Description Satrajit Ghosh 2016-05-24 01:47:22 MDT
this looks very related to: https://bugs.schedmd.com/show_bug.cgi?id=2588

we have situations where users would like to submit thousands of jobs and forget about it and just leave it to the scheduler to figure things out. we also have TRES enabled for qos which ensures that no users occupies more than 1/3 of the resources.

however, backfilling appears to go through all jobs of a given user even when bf_max_job_user is set to something like 50.

we would have expected the backfill scheduler to:

1. sort by priority
2. ignore any jobs for users already at TRES@qos limit

for remaining jobs:
3. loop through jobs, backfilling as necessary 
  a. but only up to bf_max_job_user number of jobs per user.
  b. if one has already seen bf_max_job_user jobs from that user, ignore any more jobs during the current round of backfill

this would be very helpful in our scenario.

primary question: is the role of the bf_max_job_user to limit the number of jobs for a given user that slurmctld has to cycle through? and if so is the above observation a bug.

secondary question: when qos TRES is set and user is at limit, does the backfill process ignore the user as we would have expected?
Comment 1 Tim Wickberg 2016-05-24 03:06:08 MDT
(In reply to Satrajit Ghosh from comment #0)
> this looks very related to: https://bugs.schedmd.com/show_bug.cgi?id=2588
> 
> we have situations where users would like to submit thousands of jobs and
> forget about it and just leave it to the scheduler to figure things out. we
> also have TRES enabled for qos which ensures that no users occupies more
> than 1/3 of the resources.
> 
> however, backfilling appears to go through all jobs of a given user even
> when bf_max_job_user is set to something like 50.

Yes, those jobs will still be considered, albeit rather briefly to establish that the user is no longer allowed to submit further jobs.

> we would have expected the backfill scheduler to:
> 
> 1. sort by priority
> 2. ignore any jobs for users already at TRES@qos limit

You have to test a job to "ignore" it; the backfill scheduler makes a single pass through the priority-sorted list, it's not "filtering" it on successive passes as you've implied here.

So the implementation is closer to:

(1) For each partition, sort jobs by priority.
(2) For each job, test it. (Until we yield the current backfill loop, or bf_max_job_test/bf_max_job_part is exceeded.

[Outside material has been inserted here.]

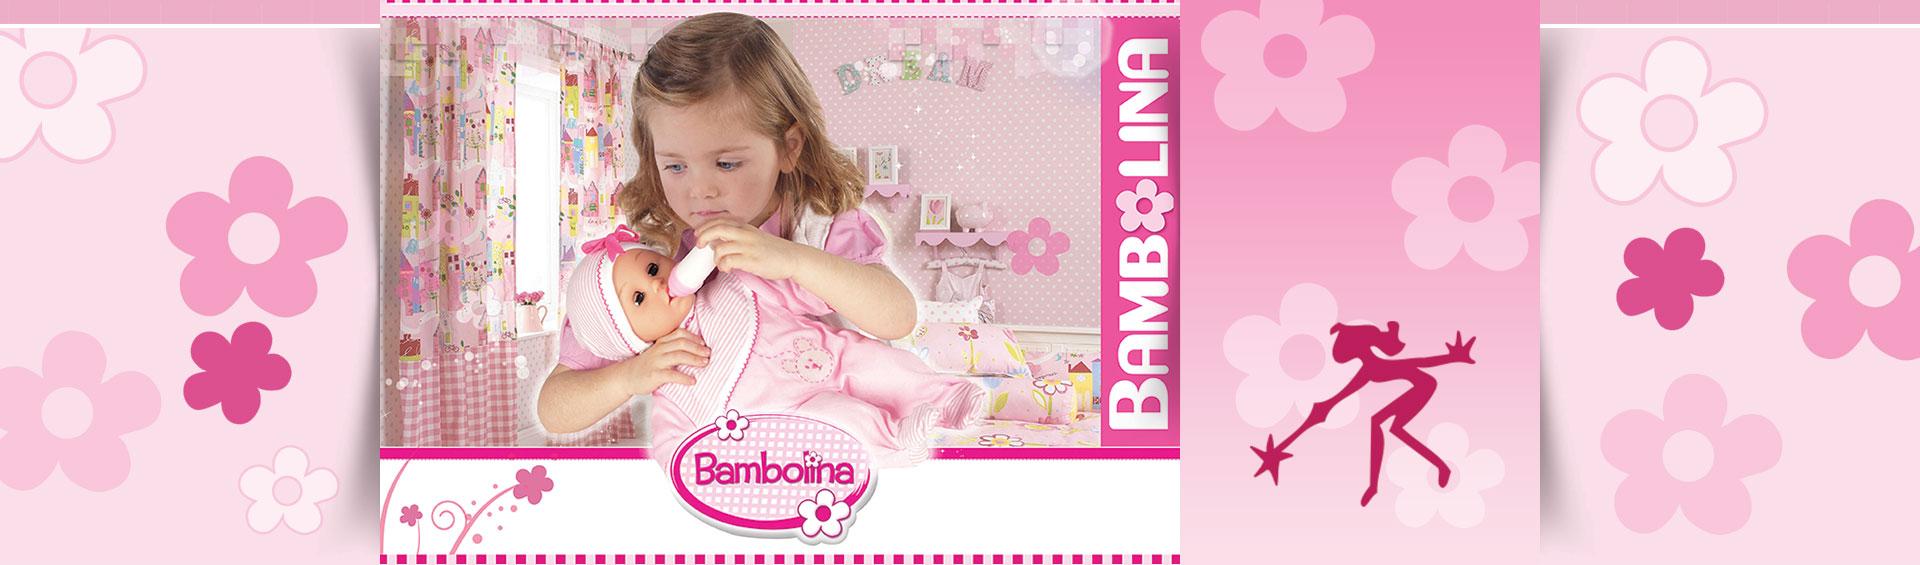 slideshow2016-bambolina

Per user limits, QOS/TRES are all tested individually when considering the job.

> for remaining jobs:
> 3. loop through jobs, backfilling as necessary 
>   a. but only up to bf_max_job_user number of jobs per user.
>   b. if one has already seen bf_max_job_user jobs from that user, ignore any
> more jobs during the current round of backfill

I wouldn't say they're "ignored"; it'd be more accurate to say that, when tested, they're immediately disqualified from further consideration. They still have to be tested to match up that user though.

> this would be very helpful in our scenario.
> 
> primary question: is the role of the bf_max_job_user to limit the number of
> jobs for a given user that slurmctld has to cycle through? and if so is the
> above observation a bug.

It limits the number of jobs from a user that are considered; they'll still be briefly looked at during each backfill cycle, and still count against bf_max_job_test/bf_max_job_part.

> secondary question: when qos TRES is set and user is at limit, does the
> backfill process ignore the user as we would have expected?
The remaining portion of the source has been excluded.